WA has a B&O tax…I believe we are the only state in the country with such a ruthlessly regressive tax on small business. It’s charged on gross receipts regardless of profits. Only the mega corps with lobbyists are exempt. Many small business owners consider the B&O tax to be worse than a state income tax.
WA tax receipts grow higher every year. There is no shortage of money coming in at the state level. Back when this carbon tax bill was passed the state said they did not expect these billions if dollars of increased revenue. It’s like found money, the state budget was plenty high before these billions were added to it.
New Mexico and Hawaii have some form of gross receipts tax, too.
Some years ago when Bill Gates Sr. (the lawyer; not the insanely rich guy son) tried to promote a progressive income tax change in our state constitution he got shot down in no uncertain terms. The only reason I voted against his proposal is because I know this state will never give up it’s beloved regressive sales tax. If it was one or the other I would have voted for it, especially when the average guy could use state income taxes as a federal deduction. Trump took care of that with his phony tax cut for all by raising the standard deduction a little and giving rich folks and corporations an huge tax break. I think the tax break for the average guy sunsets soon, if I’m not mistaken. Nothing ever really changes when it comes to tax favoritism toward the rich. They make the laws you know.
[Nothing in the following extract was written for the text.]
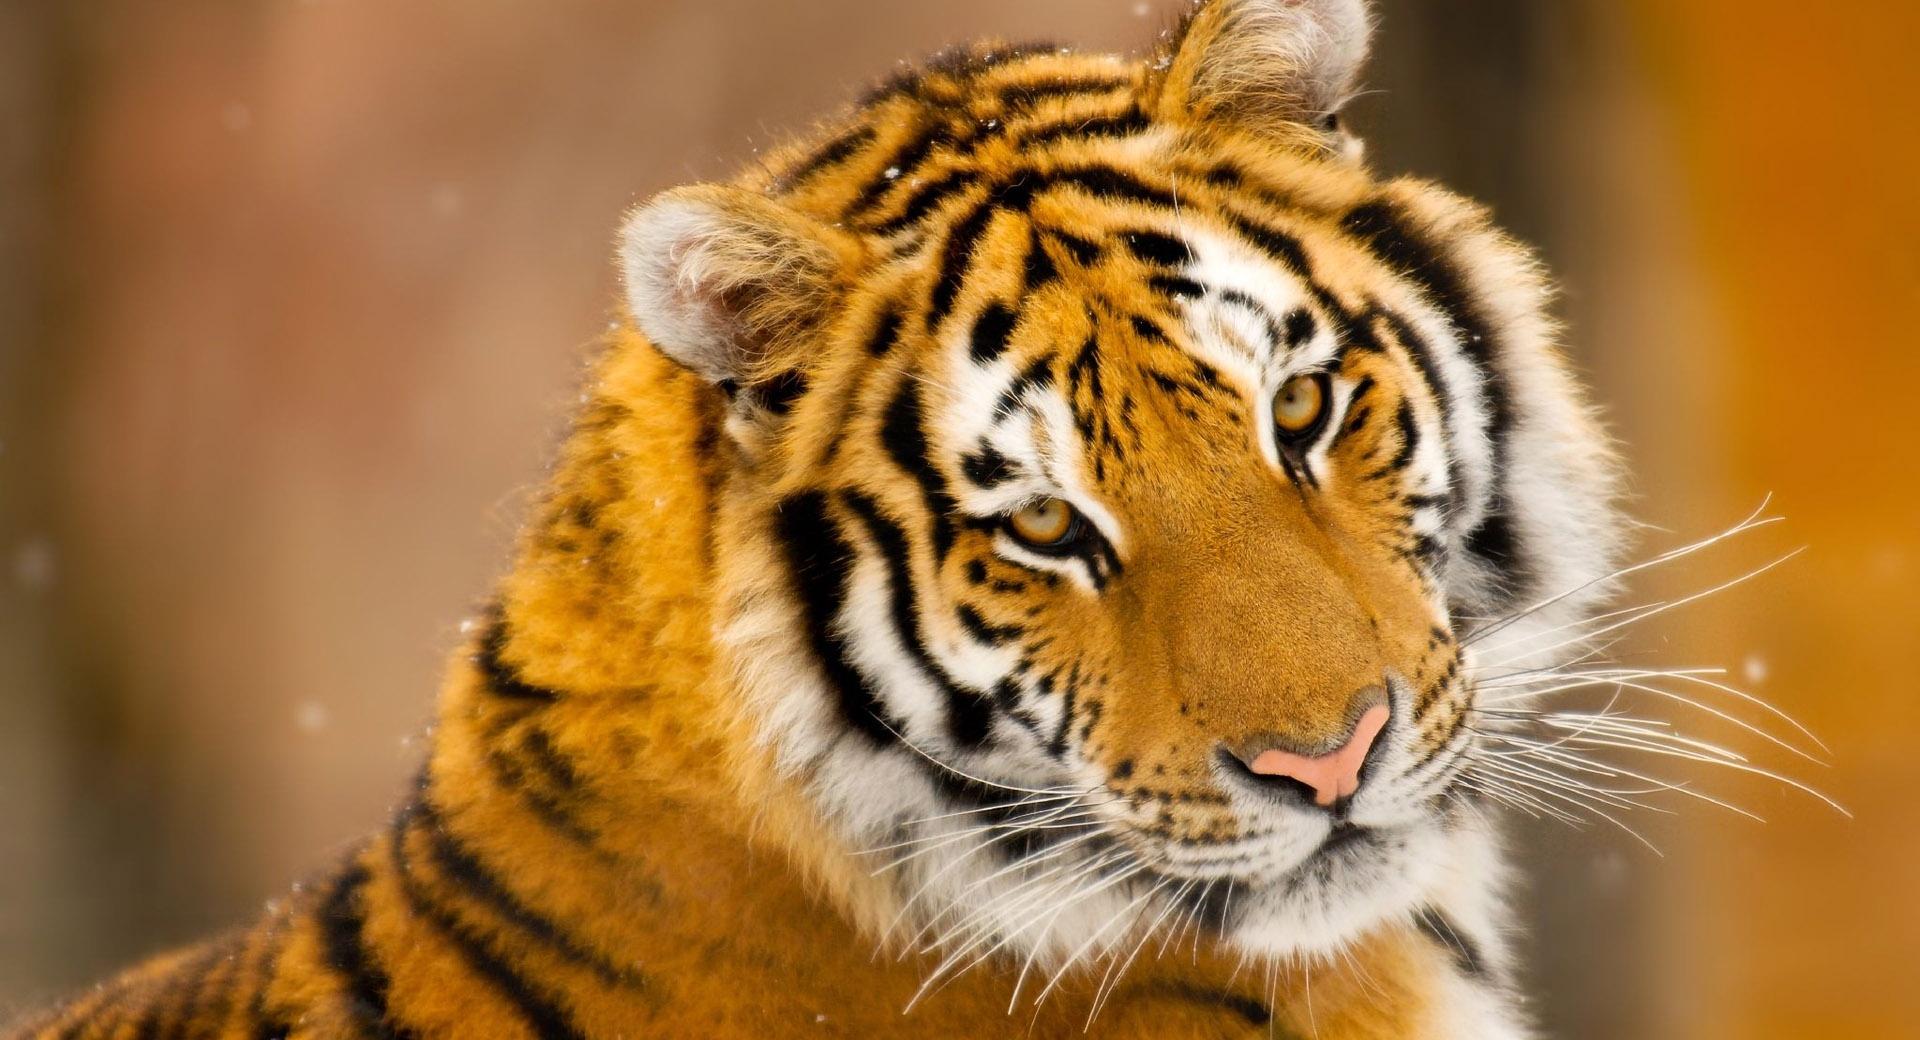 Siberian Tiger Wild Animal at 1024 x 1024 iPad size wallpapers HD quality
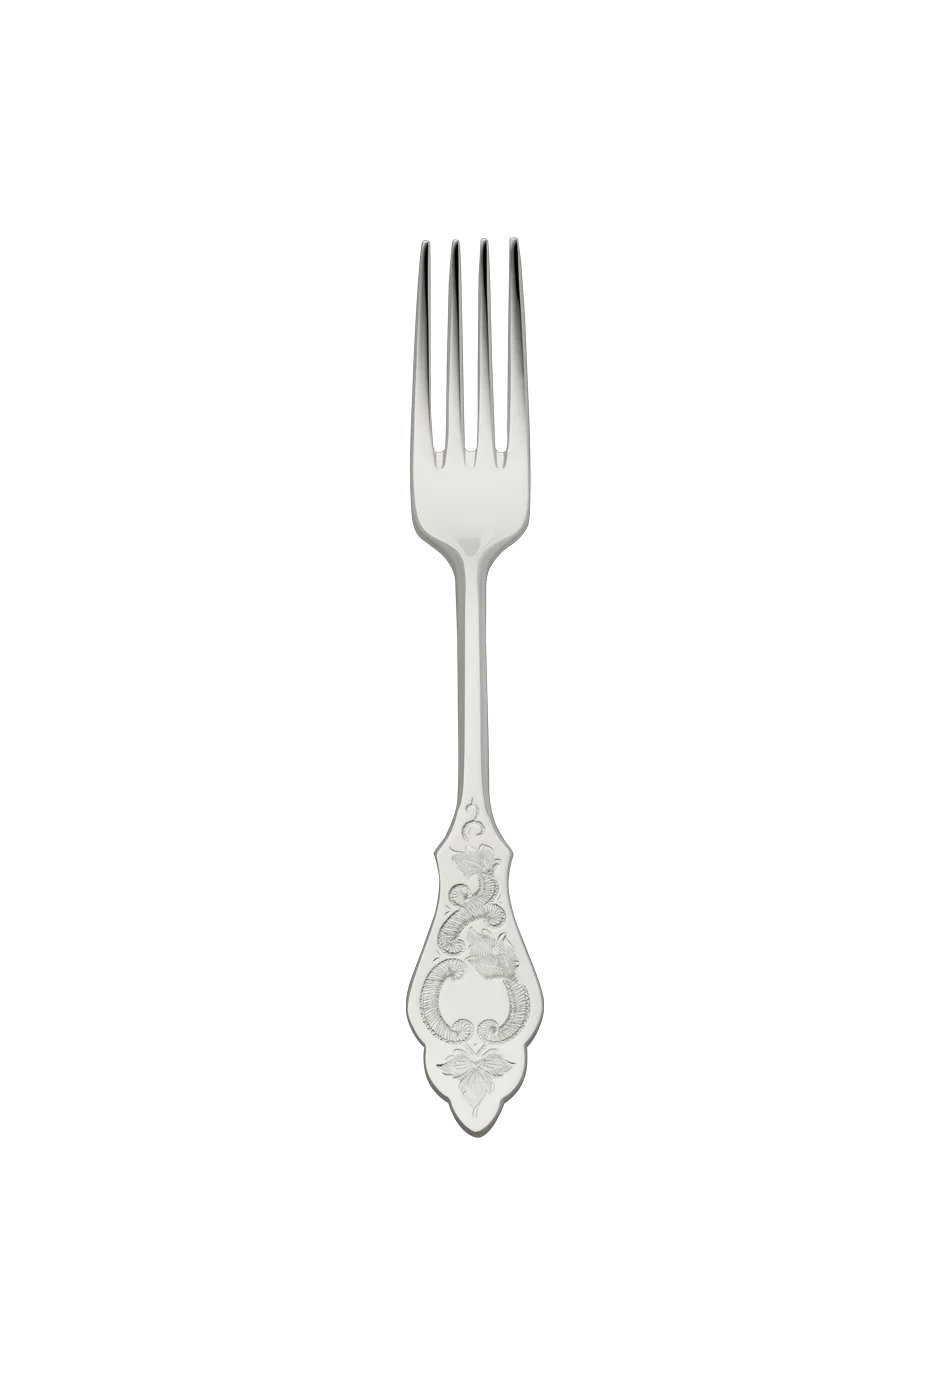 Ostfriesen Menu Fork (150g massive silverplated)

Supporting the CCA means supporting a state program that the Dept. of Ecology admits has no measurable results. And why are there no results? Because the state didn’t develop a way to assess its results! The CCA is based on political wishful thinking under the guise of environmental progress. Since Washingtonians deserve programs that are assessed to truly work, passing Initiative 2117 may lead to such programs.
How is the cap and invest program not regressive? As a company pays more for carbon credits, they will raise the cost of their product. For example, if a direct tax on the sale of gasoline is regressive, then isn’t a program that raises the price of gasoline by “taxing” oil companies who pass it on to consumers a regressive program?
Good question. The cap-and-invest program (the Climate Commitment Act) raises funds to support low income families (with a pretty high qualification cut off) who face additional costs due to the carbon fees. What funding it provides will be adjusted for decades to come as different situations arise. This year, the additional costs related to higher natural gas prices were balanced by payments to households who still use natural gas. This support did not remove the caps on how much in greenhouse gases natural gas companies could release, and there is still an incentive to natural gas companies to reduce their greenhouse gases, but the additional costs that you describe were covered.